Щербатый негодный кривобокий истукан в полтора человеческих роста, с бурыми остатками позолоты, более походящими на грязь, в выветрившихся, скверно мраморных волосах тупо и косо глядел поверх скалы на неожиданно щедро пролившееся откуда–то море. Перед нами робко возвышался не уникальный, но все же не частый пример того, как оригинал оказывается гораздо хуже всех своих копий. Статуя настолько плоха, что ухудшить ее копированием невозможно. Что же побуждает следовать негодному оригиналу? Слава, шалунья–слава, заточённая в статуях Агалма... Капризная Актис–Эвклея об руку с Гадесом, давно охладевшим к бесплодной Персефоне (восторги Зевса выжгли ей нутро, перун страшнее жара преисподней), надменно презирают олимпийскую скуку, но не гнушаются рассыпаться изображениями и монетами, а хуже того — изображениями на монетах. Деньги утратили прежде сверкающую ауру, а потом и телесность, существуя только в электронных дуализмах.

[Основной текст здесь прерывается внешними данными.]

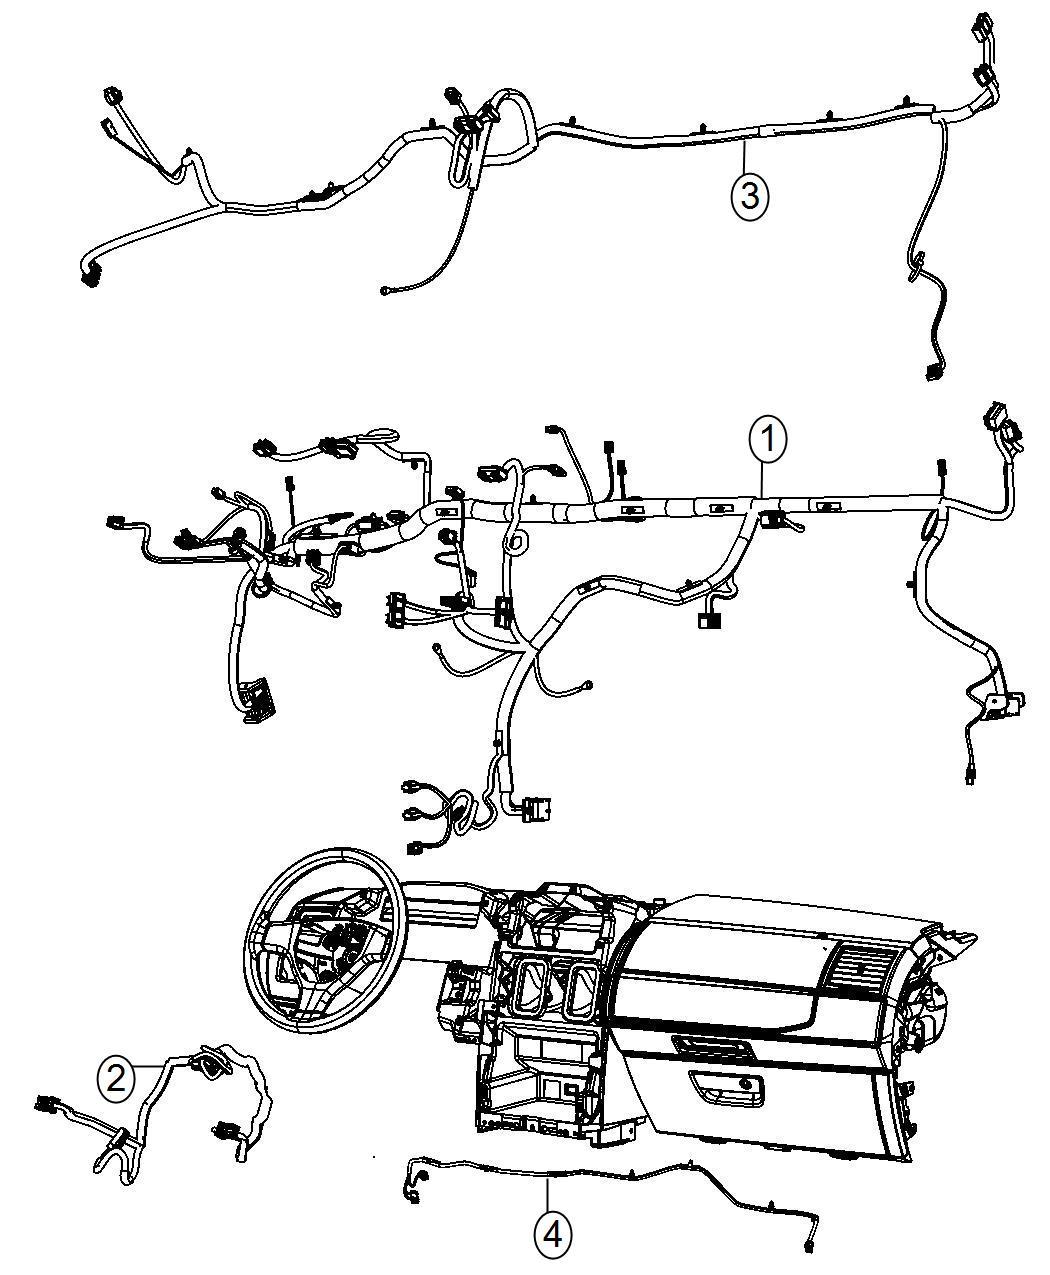 730n Wiring Diagram | Wiring Diagram

«Прибывающих на остров путешественников встречает величественная статуя Аристарха, задумчиво вглядывающаяся в морскую гладь», — припомнил я казенные восторги путеводителей. «Статуя не отличается высокими художественными достоинствами», — признавались издания рангом повыше. «Статуя плоха», — лениво пожимают плечами в частных беседах искусствоведы, гордые нетривиальностью своих воззрений.
Я, очевидец, пожалуй, не побоюсь открыто заявить, что статуя не просто плоха — она почти отвратительна. Ренессансный варвар–ваятель, не ослепленный золотым сиянием, какими изображениями он пользовался? Какова была первая статуя? Придворный скульптор, застал ли он в живых свою модель?
Но как же это колченогое орангутаноподобное безобразие фотографируют в полный рост? Со стороны моря статуя наполовину закрыта скалой, а на фотографиях выходит, будто она гордо возвышается над водой. Откуда взялась скала? Из–за нее ограничиваемая ею площадь похожа на яму. Утверждается, что несчастный Аристарх (если изображение адекватно, иначе, как несчастным, его назвать трудно) был выброшен здесь на берег. Что же, он сразу угодил в яму? Или скала, напротив, явилась тем спасительным выступом, за который удалось ухватиться злополучным мореплавателям? Почему тогда статуя стоит не на скале?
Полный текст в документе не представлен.